The beard has come to mean a lot to me. I’m a part of a new community. The bearded are everywhere – especially in the philosophy, English and history departments. I’ll walk down the halls of the Eddy Building, look around and see people just like me – bearded people! My people.

Several times, I’ve been very close to just pointing at a fellow “beardie” while simultaneously pointing at mine and saying, “Beard! Nice.”

But to be entirely truthful, I don’t because my beard isn’t that great. I have some beard inadequacy issues. I fear that if I did try to identify with some of my bearded brothers, they would simply ostracize me, saying, “You call that a beard?! That part between your lower lip and your chin is white! Why?!”

So I remain on the fringes of the bearded community.

Fringes or no, my newfound community got me thinking, and I Googled “beards.” I found out that there are clubs and Web sites for beards. That’s not very surprising. But I’ll tell you what is surprising – even astounding. There is a tournament! For beards!

In the championships, both goatee/partial beard and full beard distinctions exist (as well as a separate category for moustaches). Within each distinction, there are four categories, including freestyle. Certain categories allow styling products; some do not.

You can see the U.S. beard and moustache team on their Web site at I can’t wait ’til this stuff is televised. Were I to beard like I mean it, and had better beard-growing capabilities, I would most definitely enter myself into the freestyle competition. Freestyle! Beard! Imagine the possibilities! I would probably sculpt my beard into a squirrel, as squirrels are among the most amiable of all creatures.

A sea urchin might be cool, too.

As I continued in my research, I found out that there is even a word for what I’m doing on my neck, cheeks, chin, jaw line and upper lip: Pogonotrophy. According to, the word’s Greek roots actually mean “beard” and “nourishment”.

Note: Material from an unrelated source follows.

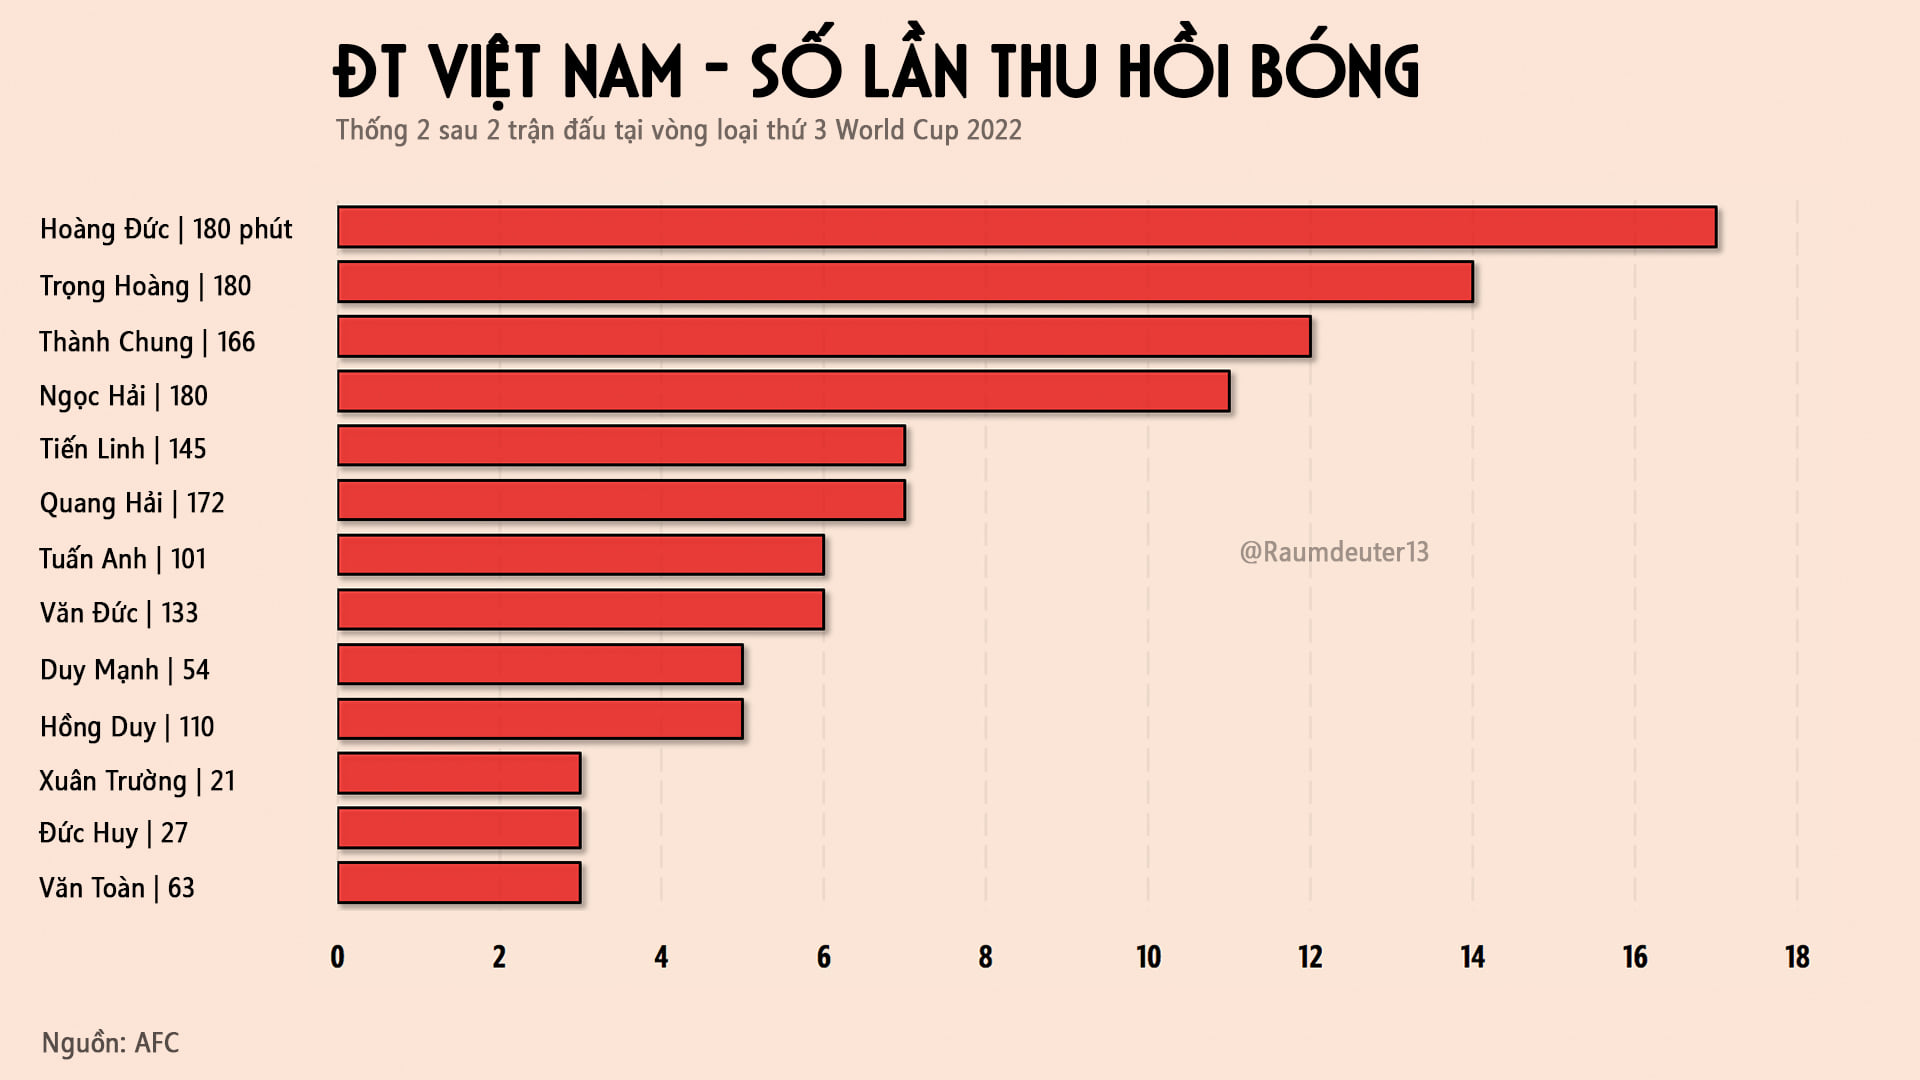 Hoàng Đức đứng đầu về số lần thu hồi bóng sau 2 trận vừa qua của ĐT Việt Nam - Nguồn: Raumdeuter13

And nourish this fine neck-mane, I do. I’ve taken to conditioning it (Suave – Juicy Green Apple scent); did I mention that before? I’m hoping that with time, this wiry steel wool tangle of strawberry blonde will become beautiful flowing locks worthy of a neck such as Fabio’s or Old Man Winter’s (except with Old Man Winter, I wouldn’t want the white just yet).

Someone could run fingers through it, no?

My beard has come to mean so much to me, but I have a sneaking suspicion that I will cut it off come Dec. 1, and I will have to explain to my roommate, “Nick! It’s me! Just not with a beard.”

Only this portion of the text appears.